Tomorrowland had ingredients for a decent movie — nostalgia, timeliness. How did it bungle them so badly? The film magnificently tanked. It feels like something made for the Disney Channel.
Tomorrowland, a retro-futuristic section of Disney park, has been around for decades — in the Magic Kingdom, in Disneyland, and Discoveryland in Paris — and was first conceived by old Walt himself. So they’ve had sixty years to get this movie right.
The film is so carelessly thrown together that it’s insulting. They knew we’d go see it regardless of bad reviews because we’re adults who grew up going to Tomorrowland and now we take our screaming brats there whenever we can afford it.
The film follows Casey Newton (Britt Robertson), an aspiring rule-breaker who gets recruited by a creepy British robot girl named Athena to save the world. Athena is from Tomorrowland — another world in which technology has advanced to indescribable heights — and presents Casey with some vague, head-scratching plot of impending peril while they get chased by evil nameless bad guys, who are also robots.
We learn that Tomorrowland, despite its name, isn’t actually “the future.” Instead, it’s another dimension entirely, a separate reality from ours, completely unrelated to happenings on earth. Technically speaking, no one time-travels in this movie. They’re not hopping from the present to the future, but rather from one world to another. That fact left me badly confused.
Casey learns that her world (ours) faces imminent doom. The “end as we know it” will happen in less than two months and there’s nothing anyone can do about it — except, of course, her. The end of the world is always so immediate in these movies. No one imagines us just petering out, a whimper rather than a bang. Tomorrowland becomes another hackneyed movie with a teenager racing against the clock with her new friends to save us all. Because who needs modern science when you have one special teenager.

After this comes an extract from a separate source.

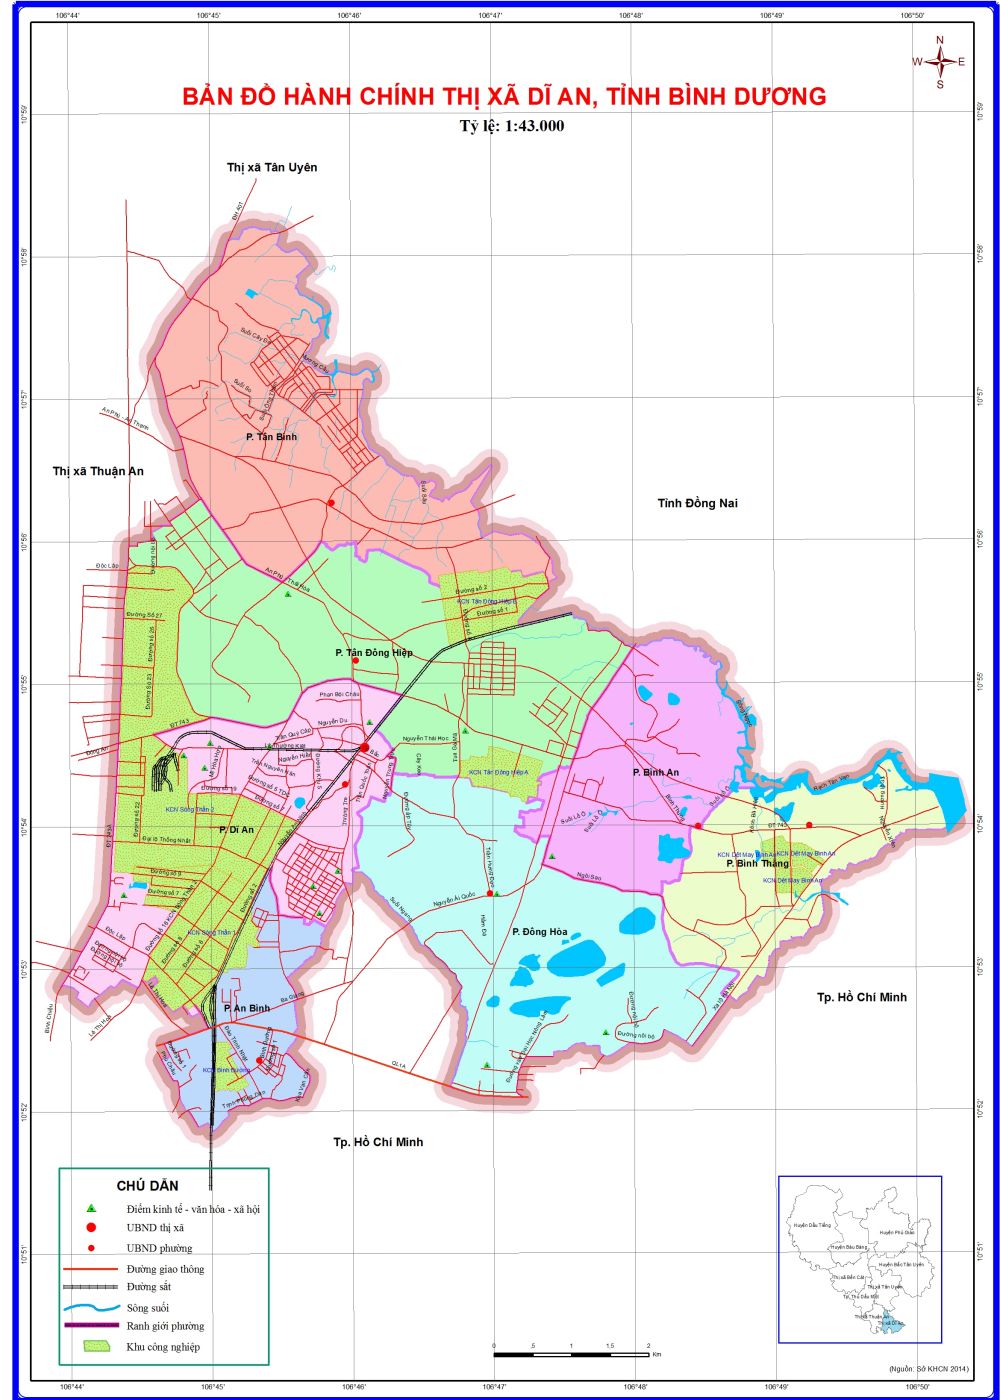 Bản đồ hành chính thành phố Dĩ An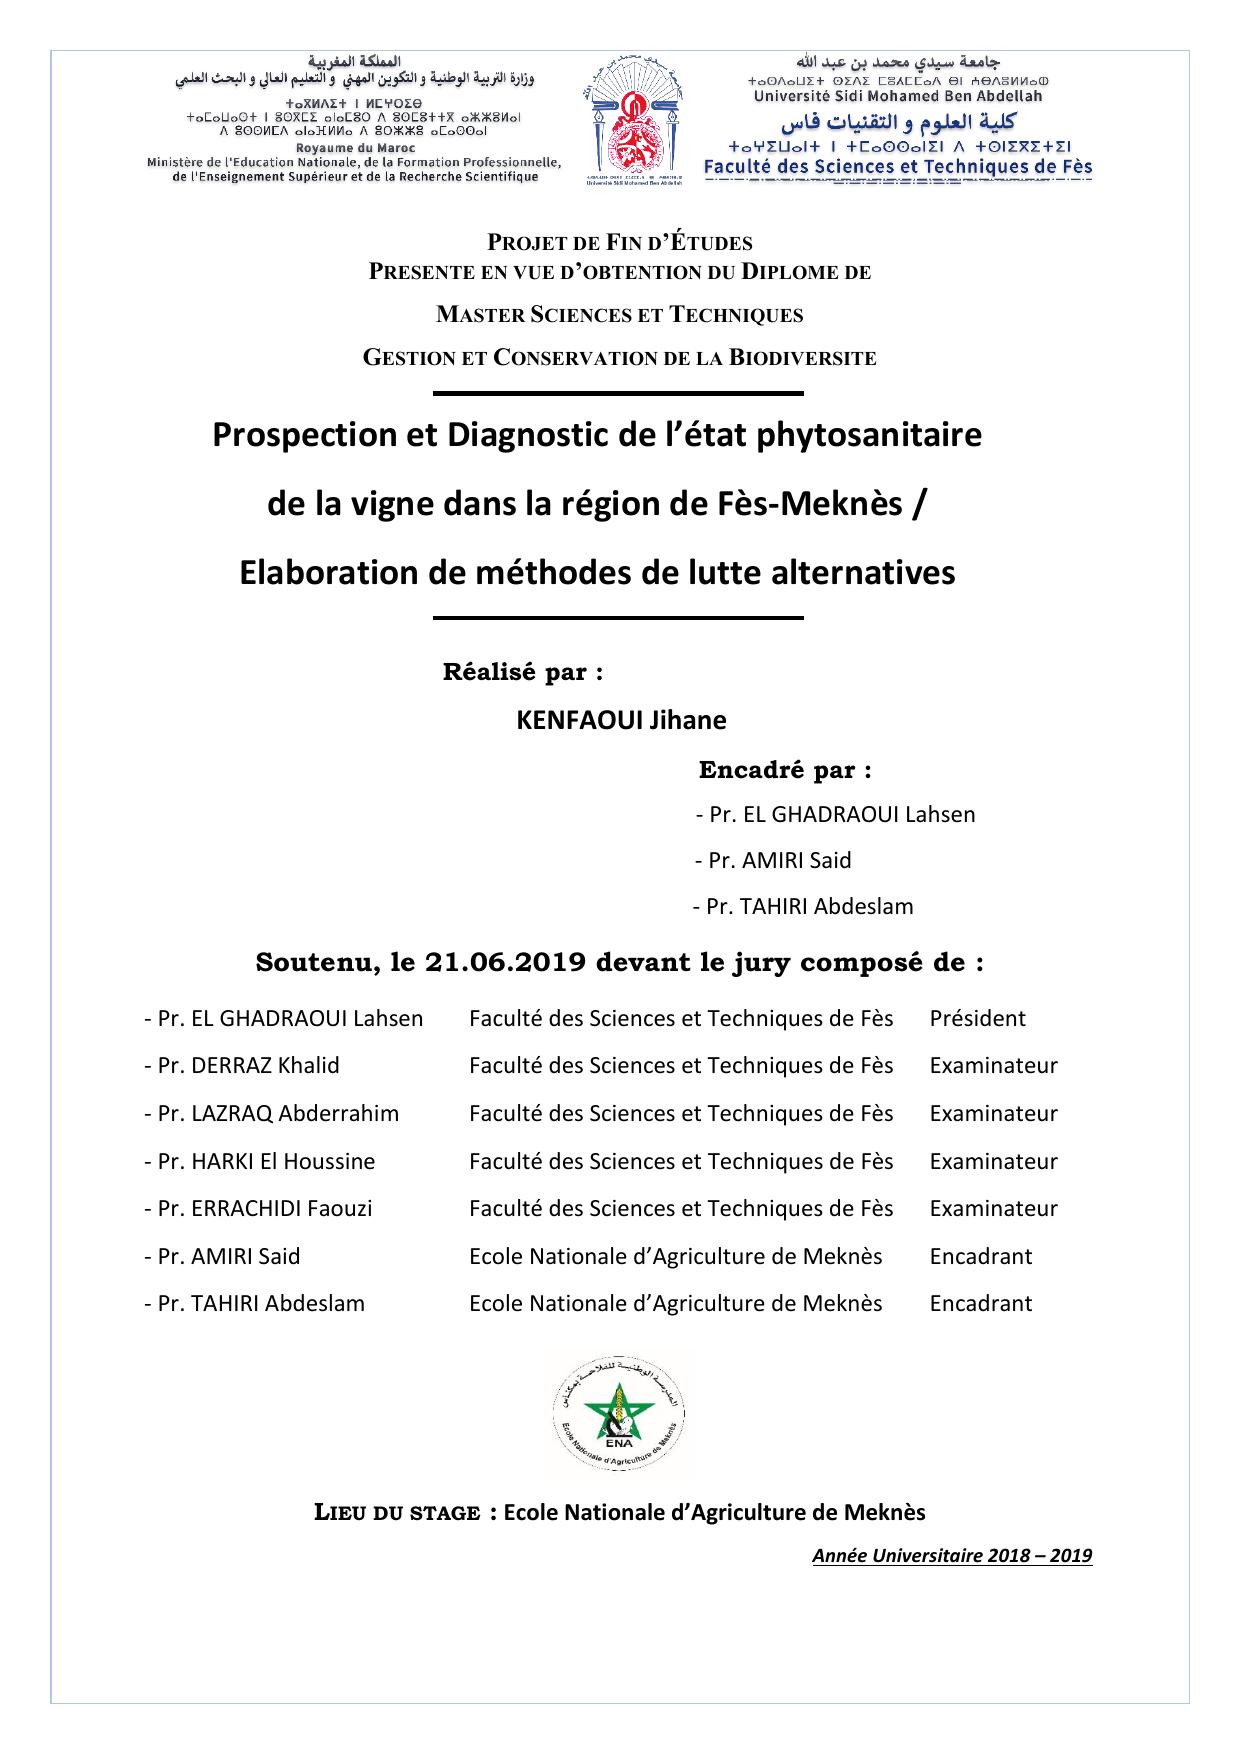 Prospection et Diagnostic de l’état phytosanitaire de la vigne dans la région de Fès-Meknès / Elaboration de méthodes de lutte alternatives

Tomorrowland (the park, not the movie) is an antiquated vision of the future and walking through it feels lovely and quaint. You understand that this is what they thought the future would look like (sorry, Jules Verne, we don’t live on Mars, but we do have Facebook). There’s a sweet nostalgia in that experience which Tomorrowland employs none of. The film feels kiddie and unoriginal in the worst way. This movie promised to reinvigorate an old section of Disney park, perhaps because there’s a debate to tear it down and replace it with something new. Call in the wrecking crew.